Begin at the line below that holds "Foothills Gallery" and end at the line that holds "Heart shaped rice krispie treats with text", transcribing each line exactly and skipping any picture.

_Dataset records_:
▶

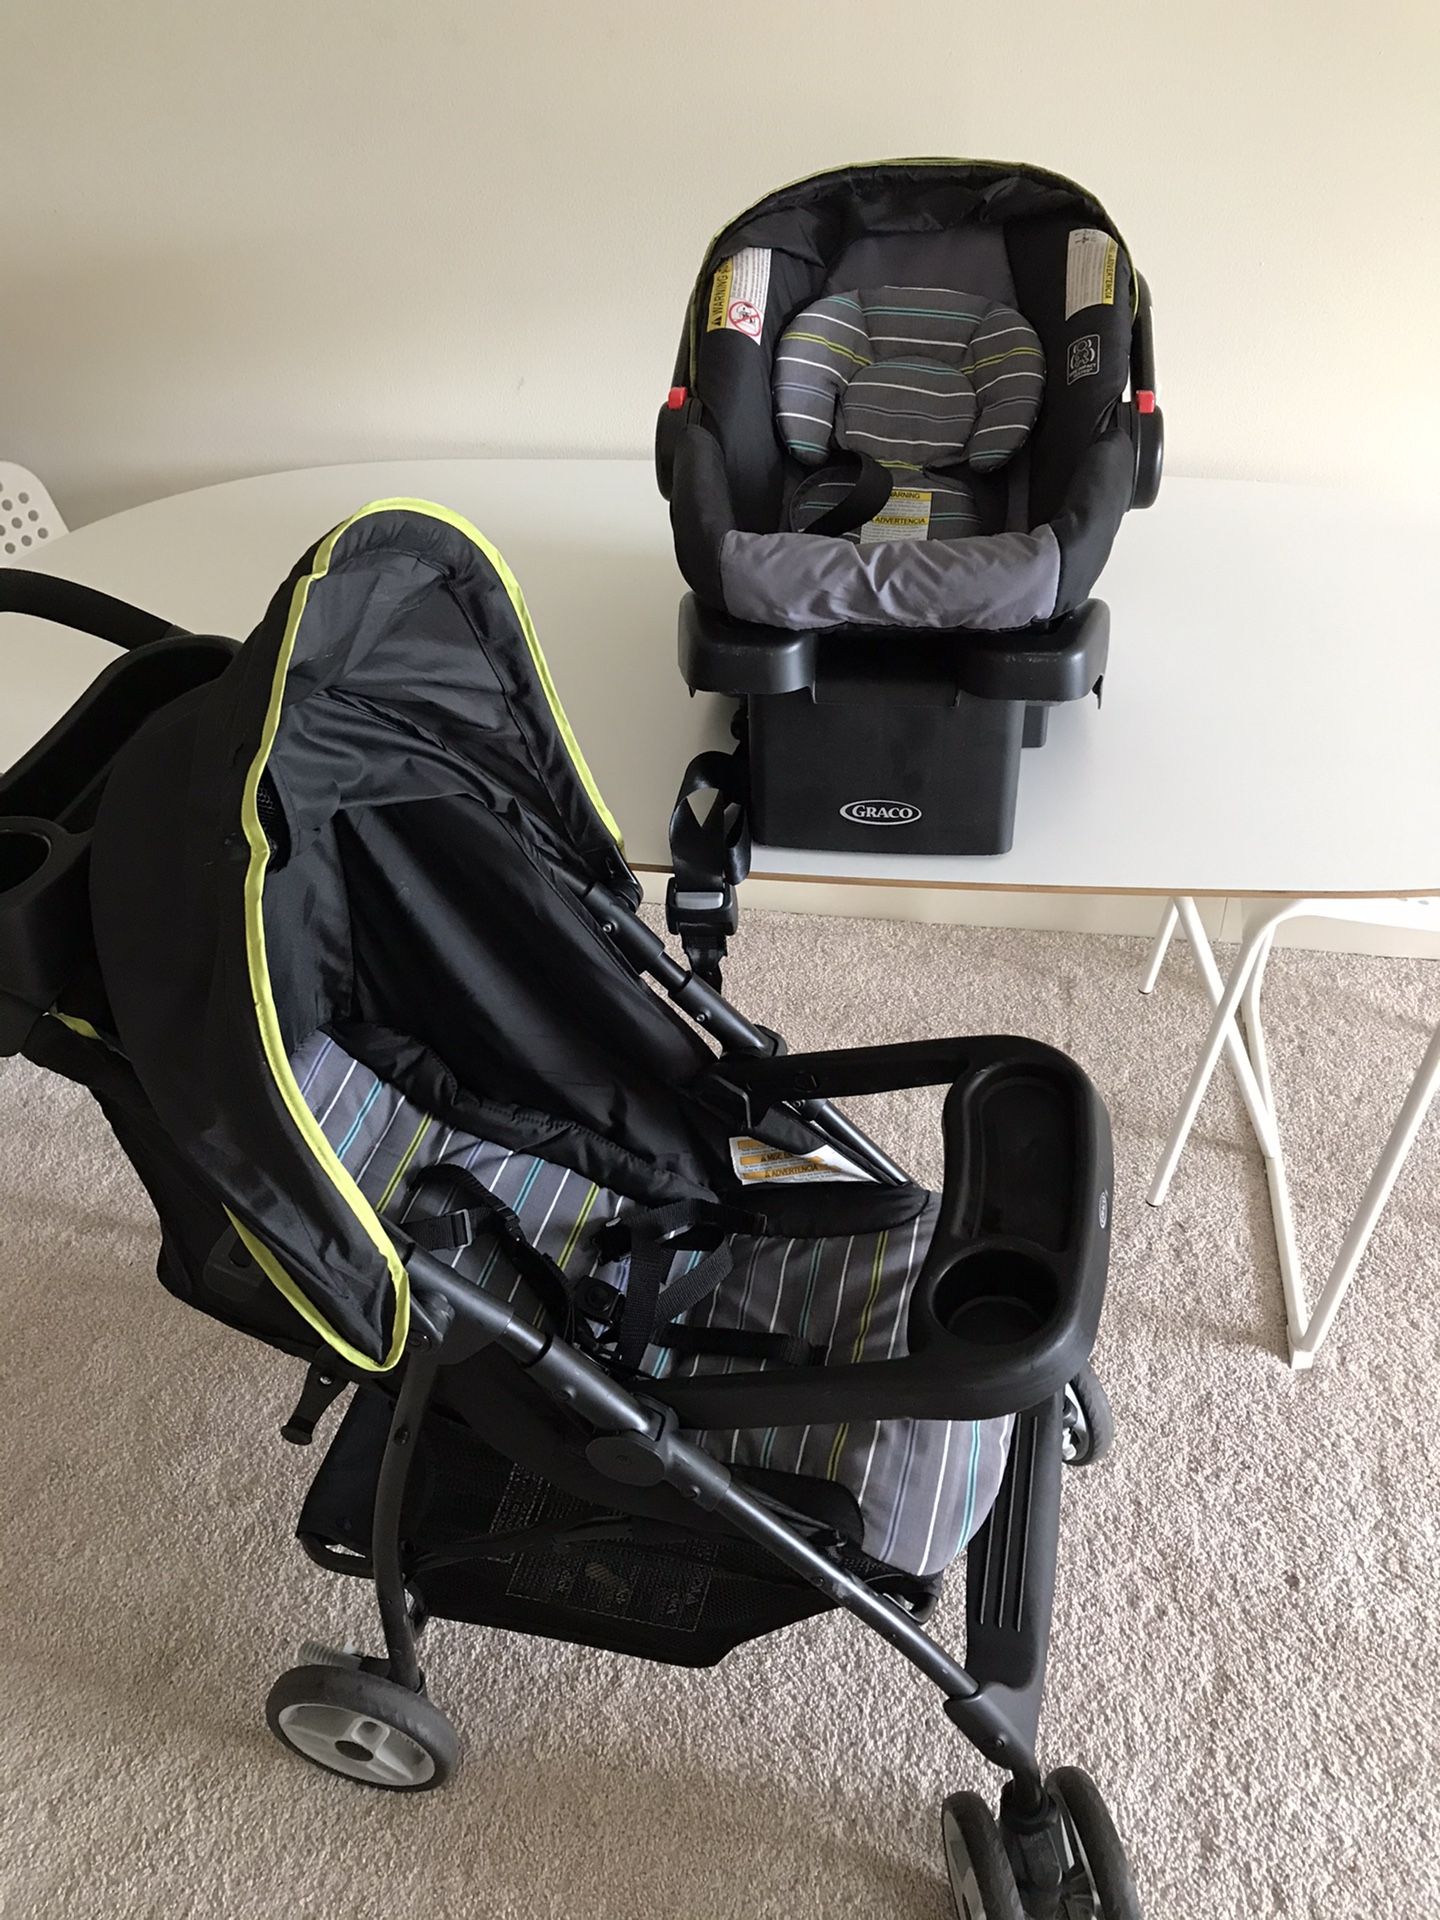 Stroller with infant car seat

◀
▶

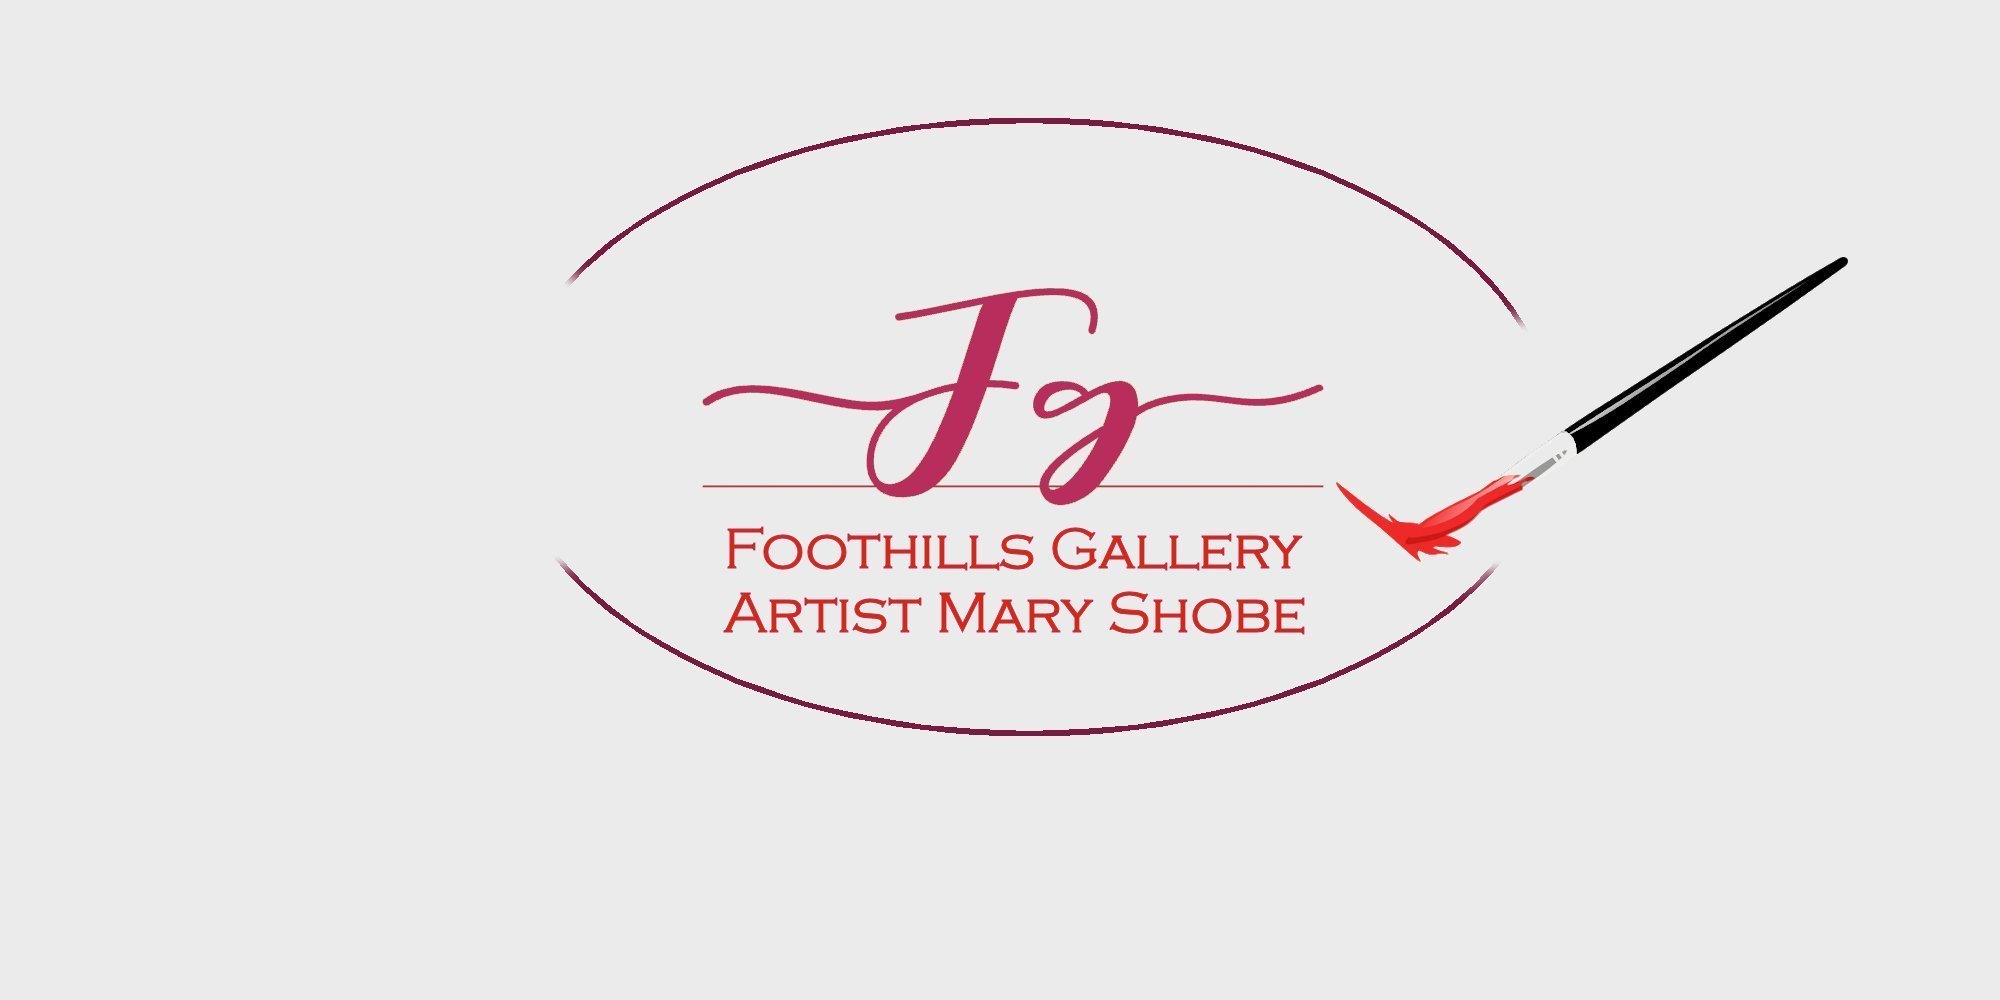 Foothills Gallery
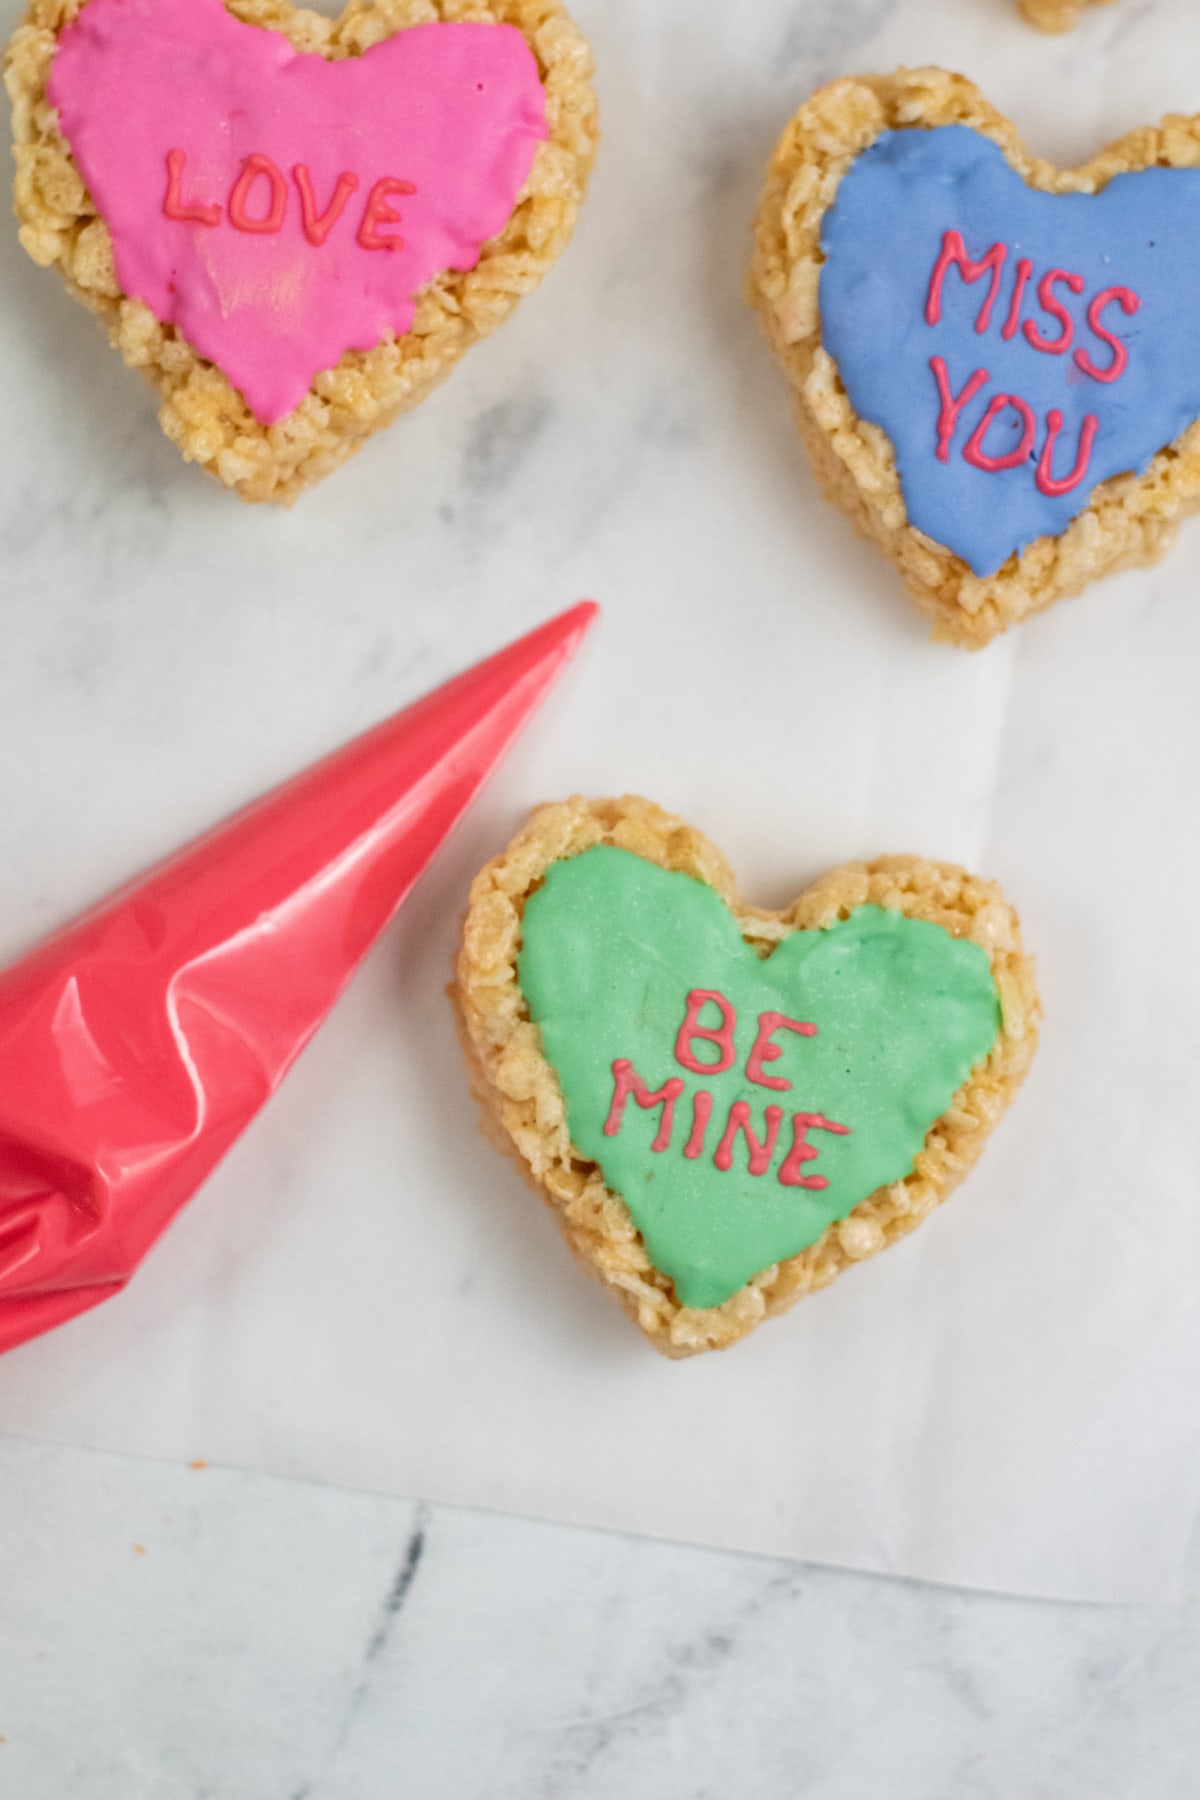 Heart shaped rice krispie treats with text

◀

_Response_:
 Foothills Gallery
 Heart shaped rice krispie treats with text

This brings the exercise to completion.